→ GIVEN INFORMATION
Content starts

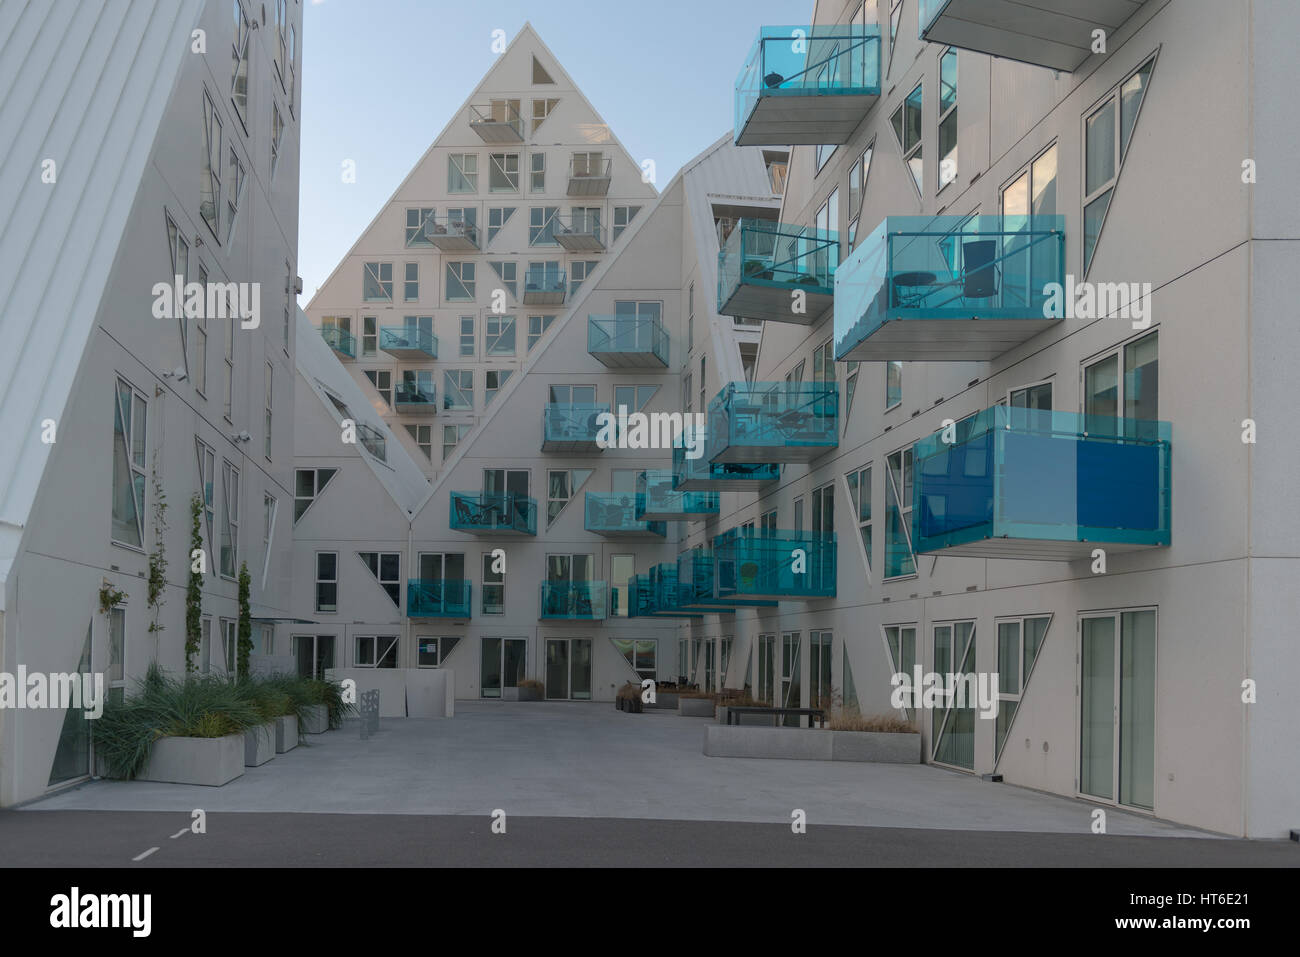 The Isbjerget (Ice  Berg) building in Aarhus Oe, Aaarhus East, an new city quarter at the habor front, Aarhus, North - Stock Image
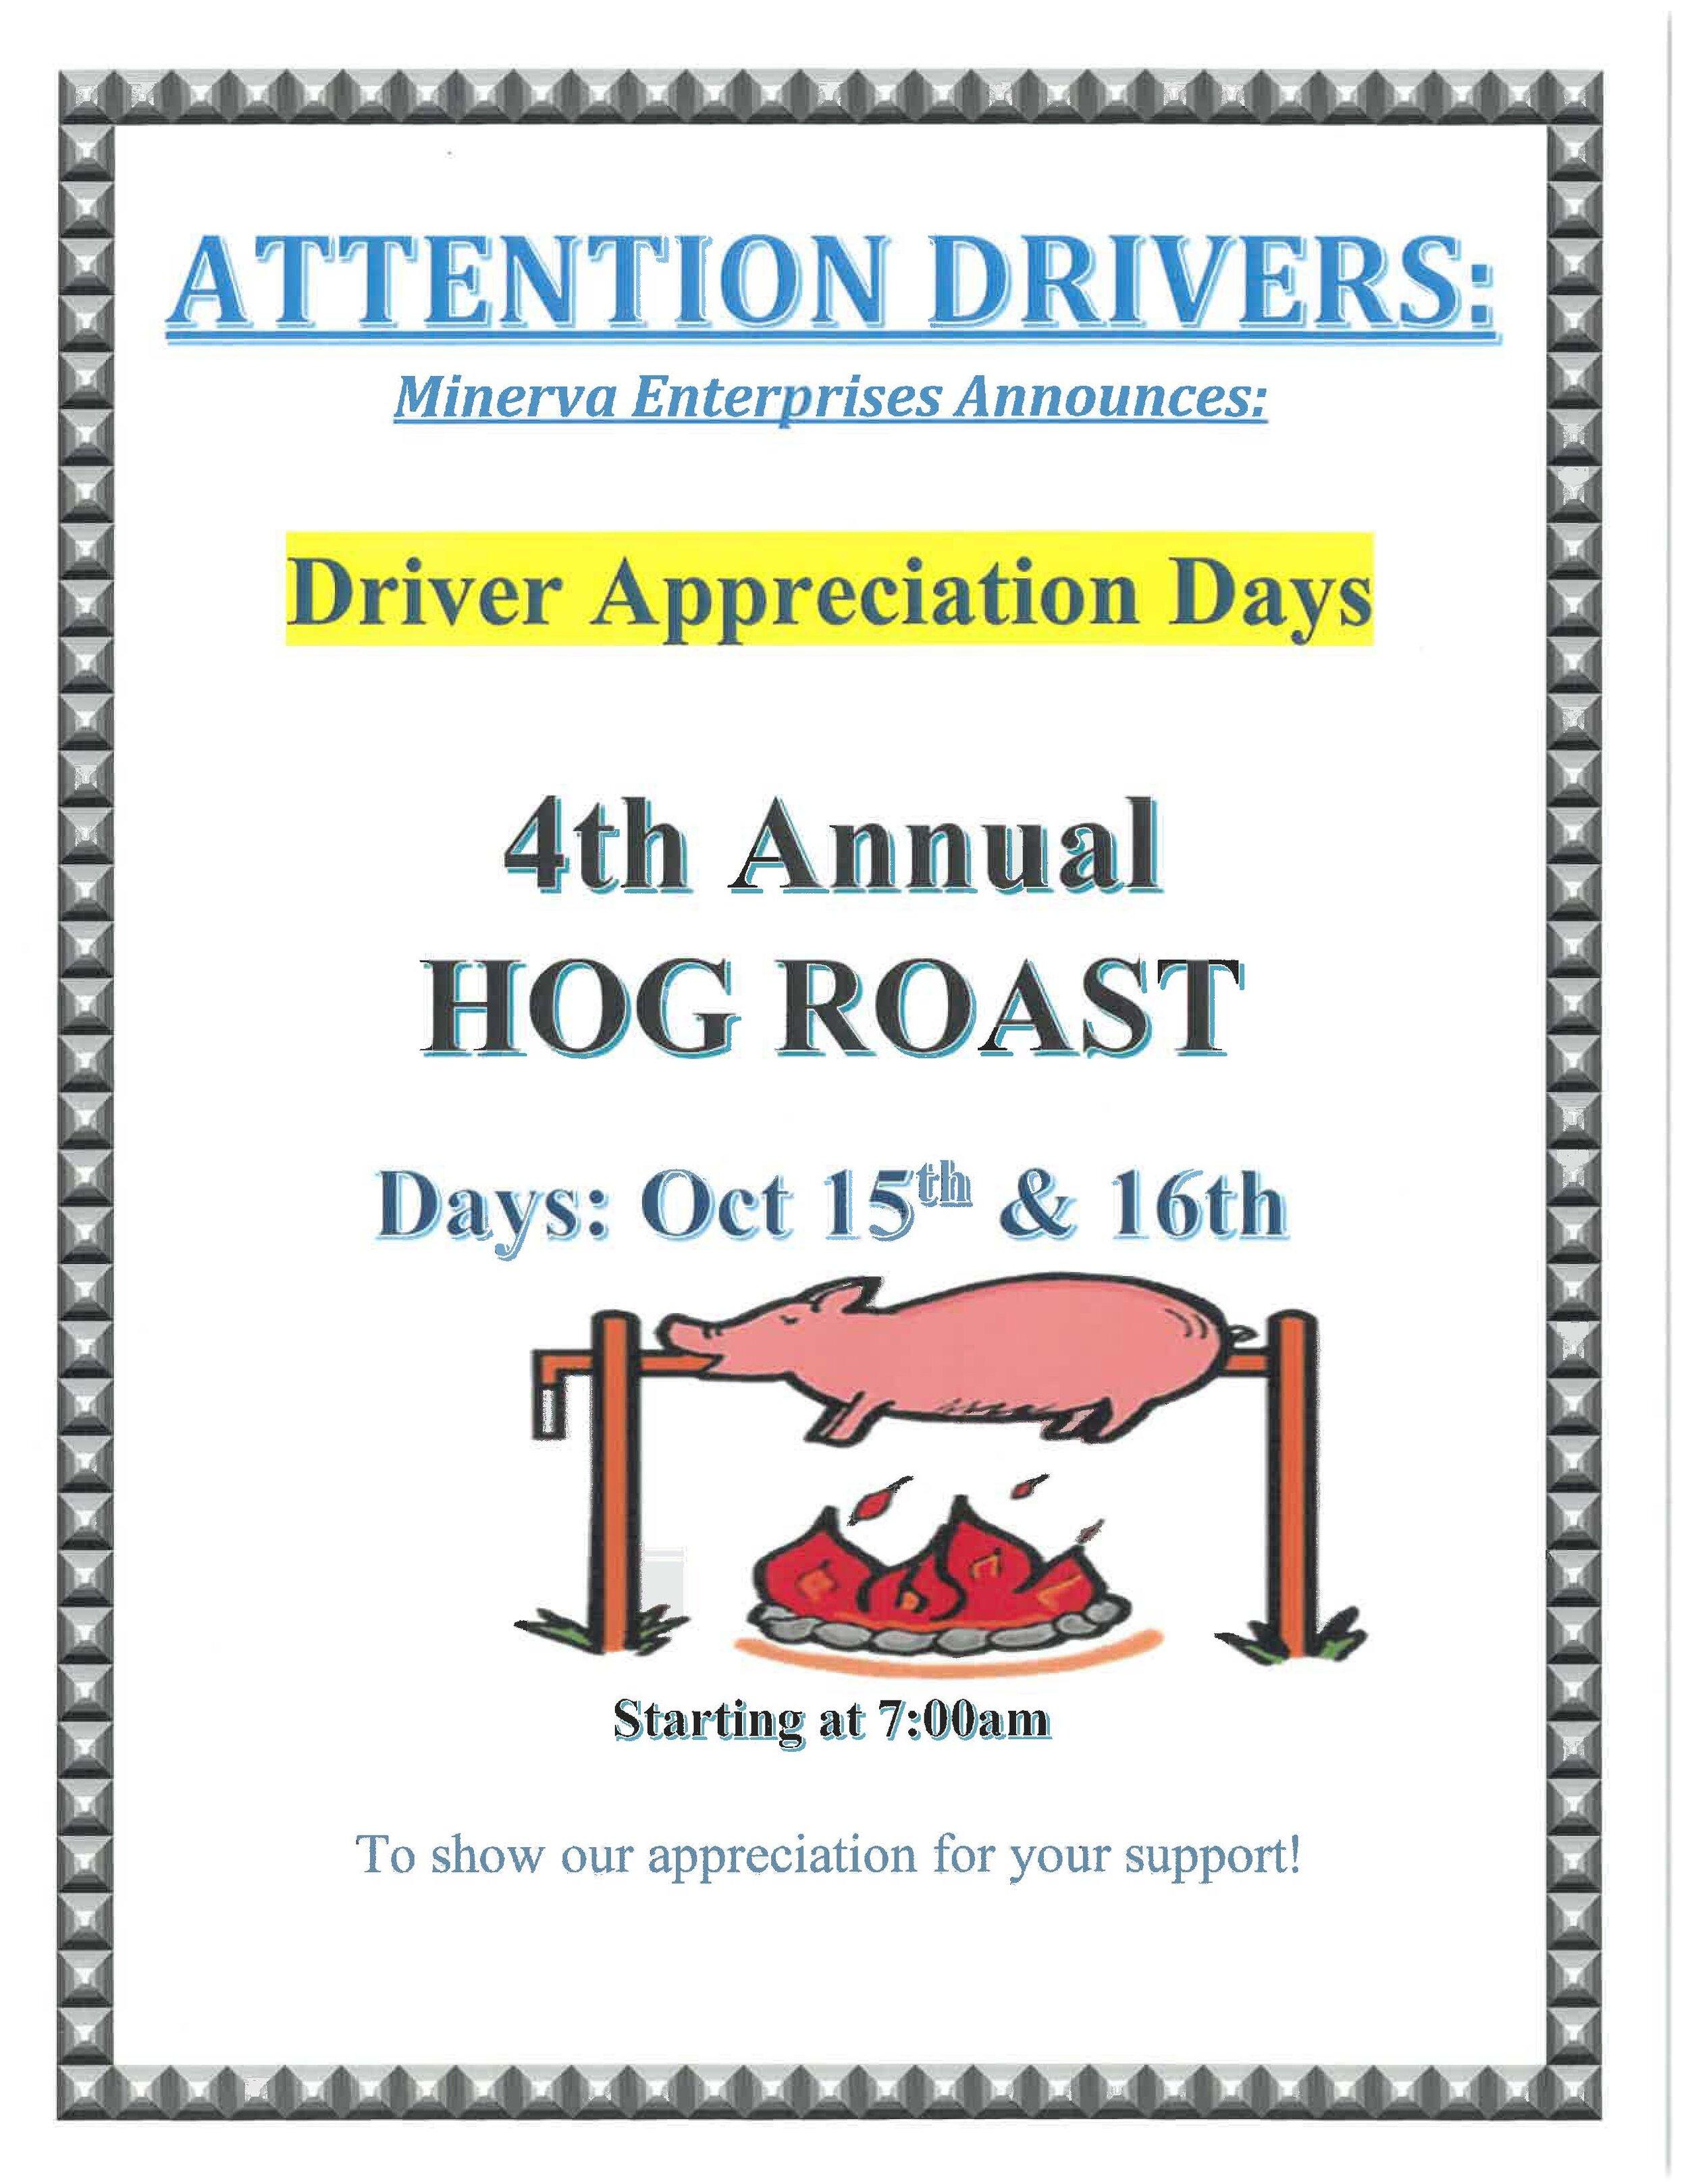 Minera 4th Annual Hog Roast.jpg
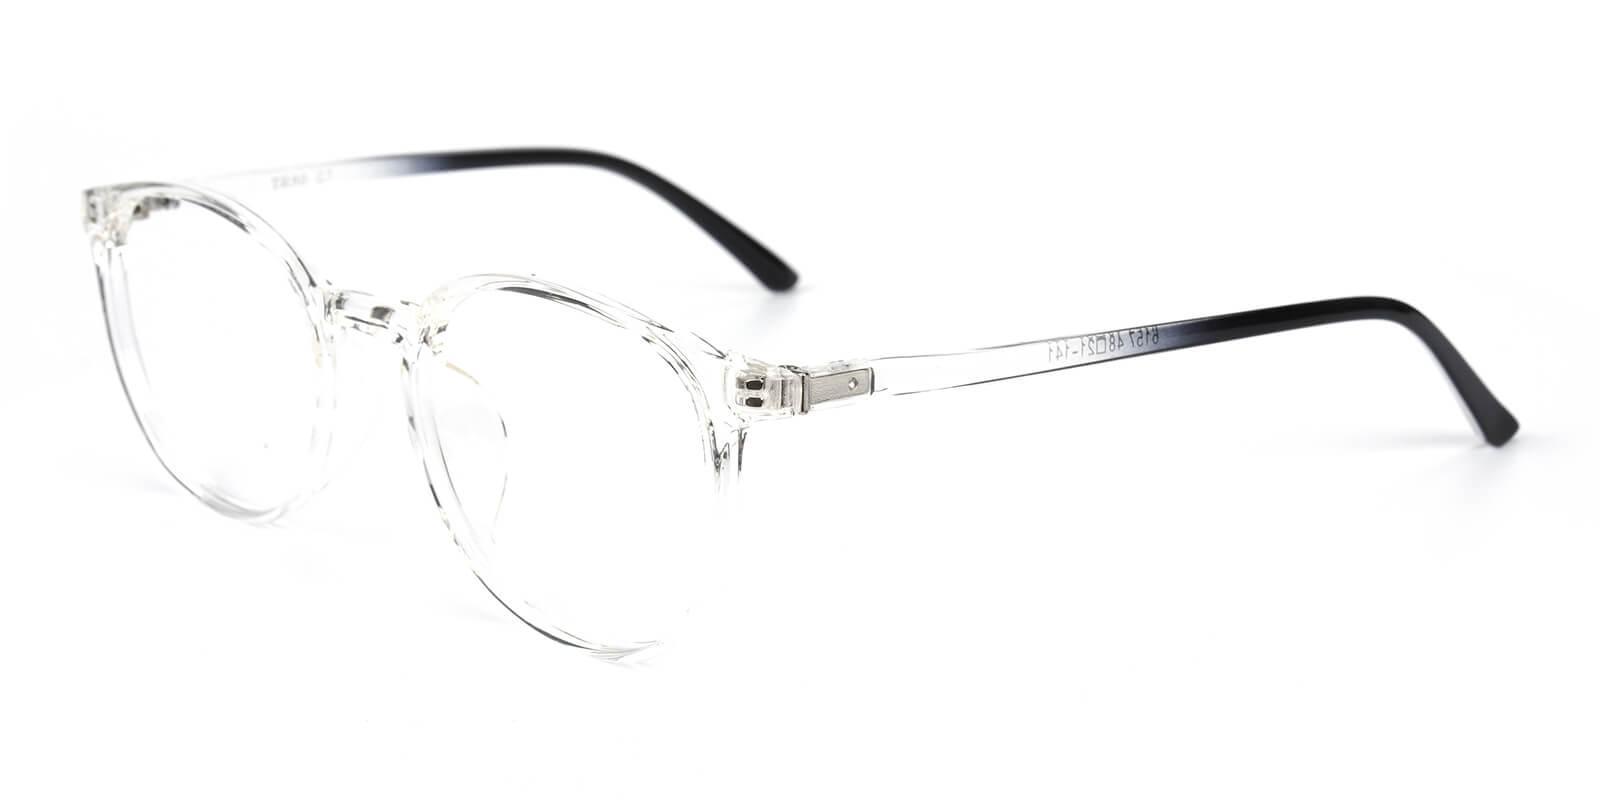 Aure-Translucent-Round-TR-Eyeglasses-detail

Content ends

→ WORK REQUIRED
Could you transcribe the material above exactly, keeping every picture out?

→ EXERCISE OUTPUT
 The Isbjerget (Ice  Berg) building in Aarhus Oe, Aaarhus East, an new city quarter at the habor front, Aarhus, North - Stock Image
 Minera 4th Annual Hog Roast.jpg
 Aure-Translucent-Round-TR-Eyeglasses-detail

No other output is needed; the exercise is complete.